Exercise brief:
Search the records for the word "Light" and pick out every line that has it.

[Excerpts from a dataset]
============================================================

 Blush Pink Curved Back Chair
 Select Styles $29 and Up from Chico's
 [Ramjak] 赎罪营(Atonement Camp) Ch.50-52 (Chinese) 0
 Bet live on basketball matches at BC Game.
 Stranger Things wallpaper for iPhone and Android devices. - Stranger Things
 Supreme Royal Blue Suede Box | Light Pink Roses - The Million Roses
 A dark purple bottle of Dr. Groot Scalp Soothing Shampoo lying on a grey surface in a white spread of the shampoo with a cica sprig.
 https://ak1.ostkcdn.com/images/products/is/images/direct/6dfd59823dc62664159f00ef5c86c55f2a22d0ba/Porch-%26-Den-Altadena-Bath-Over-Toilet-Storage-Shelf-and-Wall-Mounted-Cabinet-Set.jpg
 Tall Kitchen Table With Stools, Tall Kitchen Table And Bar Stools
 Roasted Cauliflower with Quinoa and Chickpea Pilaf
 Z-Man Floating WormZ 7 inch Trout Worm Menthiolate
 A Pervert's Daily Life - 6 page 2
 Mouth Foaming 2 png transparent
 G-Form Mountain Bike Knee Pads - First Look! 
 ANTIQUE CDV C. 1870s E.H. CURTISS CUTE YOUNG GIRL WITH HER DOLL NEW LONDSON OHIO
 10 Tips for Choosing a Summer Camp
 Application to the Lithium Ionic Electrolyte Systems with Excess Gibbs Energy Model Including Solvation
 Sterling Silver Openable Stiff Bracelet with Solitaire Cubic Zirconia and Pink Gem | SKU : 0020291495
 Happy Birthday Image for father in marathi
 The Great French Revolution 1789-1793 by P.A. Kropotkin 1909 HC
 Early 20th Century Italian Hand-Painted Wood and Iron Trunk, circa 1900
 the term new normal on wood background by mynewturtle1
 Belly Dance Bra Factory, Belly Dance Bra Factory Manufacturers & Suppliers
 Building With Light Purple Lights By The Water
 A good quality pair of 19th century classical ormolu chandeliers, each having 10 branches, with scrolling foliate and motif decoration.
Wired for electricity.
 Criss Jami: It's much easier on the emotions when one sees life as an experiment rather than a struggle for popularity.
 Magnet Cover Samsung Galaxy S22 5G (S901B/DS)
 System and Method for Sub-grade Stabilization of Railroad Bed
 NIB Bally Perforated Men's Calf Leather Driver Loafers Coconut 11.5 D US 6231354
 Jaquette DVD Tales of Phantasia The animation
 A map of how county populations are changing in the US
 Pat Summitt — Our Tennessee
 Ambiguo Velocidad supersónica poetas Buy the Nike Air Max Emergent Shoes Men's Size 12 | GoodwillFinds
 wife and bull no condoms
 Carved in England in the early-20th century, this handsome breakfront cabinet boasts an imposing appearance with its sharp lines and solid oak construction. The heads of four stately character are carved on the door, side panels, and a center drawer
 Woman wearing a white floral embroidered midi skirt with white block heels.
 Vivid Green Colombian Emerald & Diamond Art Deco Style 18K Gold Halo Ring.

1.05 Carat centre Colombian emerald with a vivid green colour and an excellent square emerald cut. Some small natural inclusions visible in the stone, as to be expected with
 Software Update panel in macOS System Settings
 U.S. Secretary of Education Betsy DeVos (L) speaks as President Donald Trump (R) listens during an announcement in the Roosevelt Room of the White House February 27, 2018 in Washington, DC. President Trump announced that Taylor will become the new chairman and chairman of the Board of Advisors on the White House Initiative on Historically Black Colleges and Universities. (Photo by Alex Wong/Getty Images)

============================================================

Final answer:
 Supreme Royal Blue Suede Box | Light Pink Roses - The Million Roses
 Building With Light Purple Lights By The Water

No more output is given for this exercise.